Tropicana “100% Juice” Orange Juice, NV: yellow-orange, very opaque in the glass. On the nose, I got loads of citrus fruit. I don’t like to get too specific, but definitely oranges. Like a whole bushel of oranges. In the mouth, the barrage of oranges continued. It tasted almost as if it was made from 100% oranges. Crazy. Definitely quite a bit of residual sugar in this one, but it was certainly kept in check by ripping acidity. This one just spit my tongue in two with a strong backbone of what seemed to be much more of a citric acid than malic, lactic, or even tartaric. Along with that, the mouthfeel was heavy, supple, almost…pulpy, if that makes any sense. I imagine it wasn’t heavily filtered or fined, but I noticed no designation on the bottle, nor any references to organic or biodynamic farming and production methods. 3 out of 5 snot wads here.
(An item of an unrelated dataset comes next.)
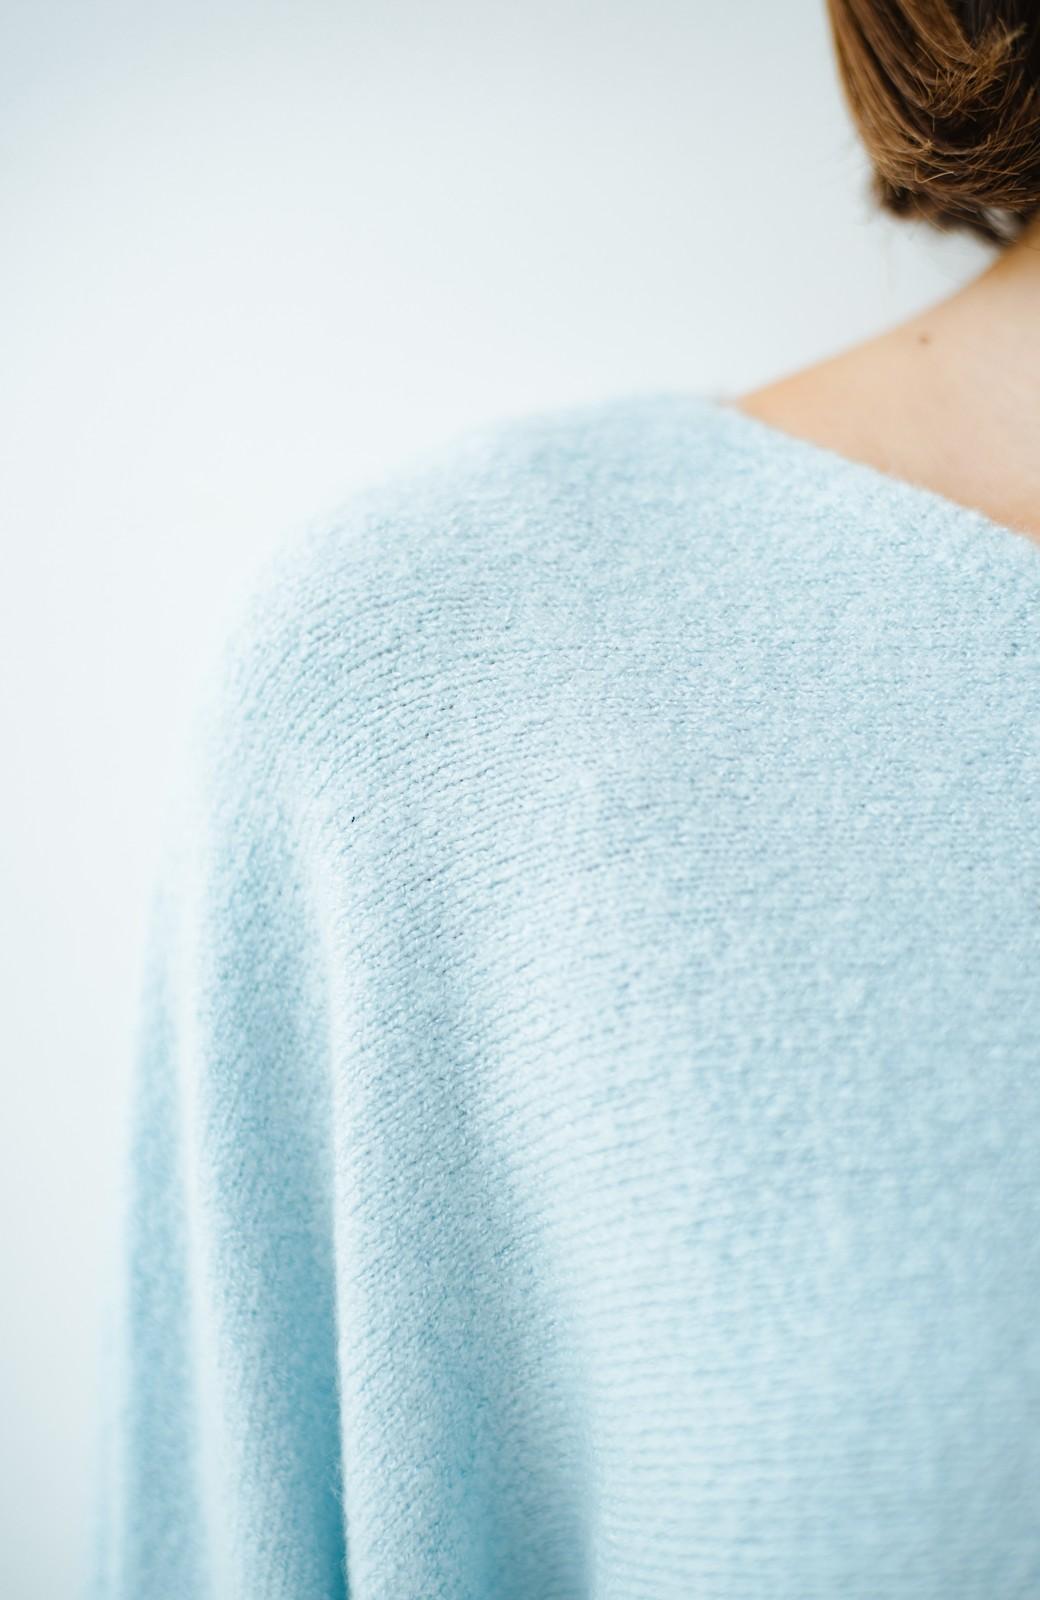 haco! 太め袖がかわいい横編みプルオーバーニット <ライトブルー>の商品写真4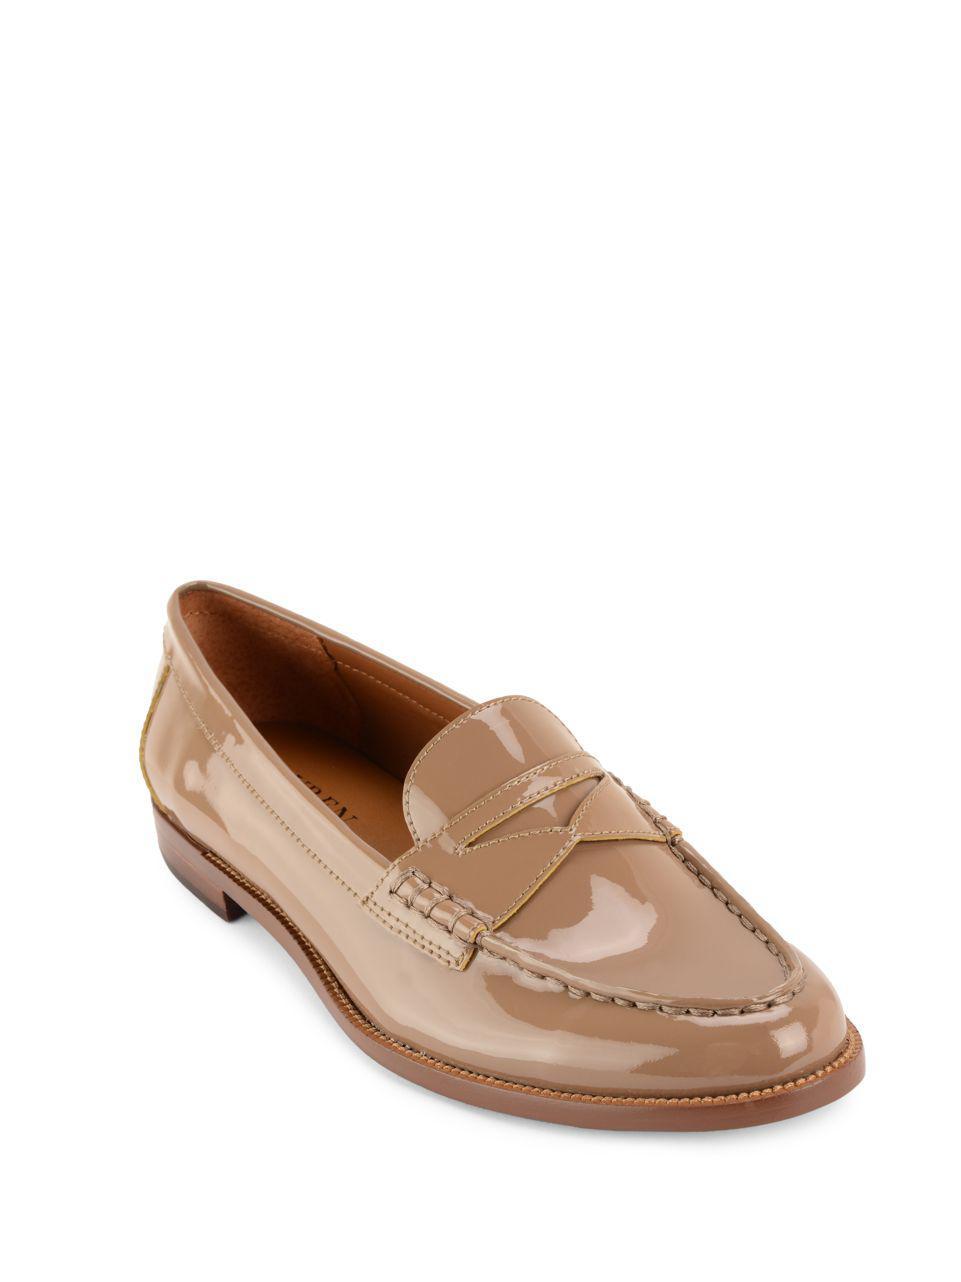 d53c209d620 Lyst - Lauren By Ralph Lauren Barrett Patent Leather Loafers in Brown

Canada Dry “Gingered” Ale, NV: I say this bottle was non-vintage, but it mentioned “since 1904”, so in the case that this was indeed a vintage bottling, I was pleased to see a screw-cap stopper, rather than a cork, as I didn’t want my $1.99 to go to waste on an oxidized product. In the glass, I delighted at not only the rich, golden color, but the bubbling frizzante, something I rarely see in Canadian product. When probed with my eager nose, the “gingered” ale exuded bunches of bubbles, causing me to sneeze quite violently. On the palate, I got quite a bit of sweetness, which surprised me a bit, as the name- Canada Dry– suggested otherwise. I also got rather pronounced flavors of ginger. Huzzah for “gingered” ale, indeed! A worthy tipple, garnering 4 out of 5 snot wads.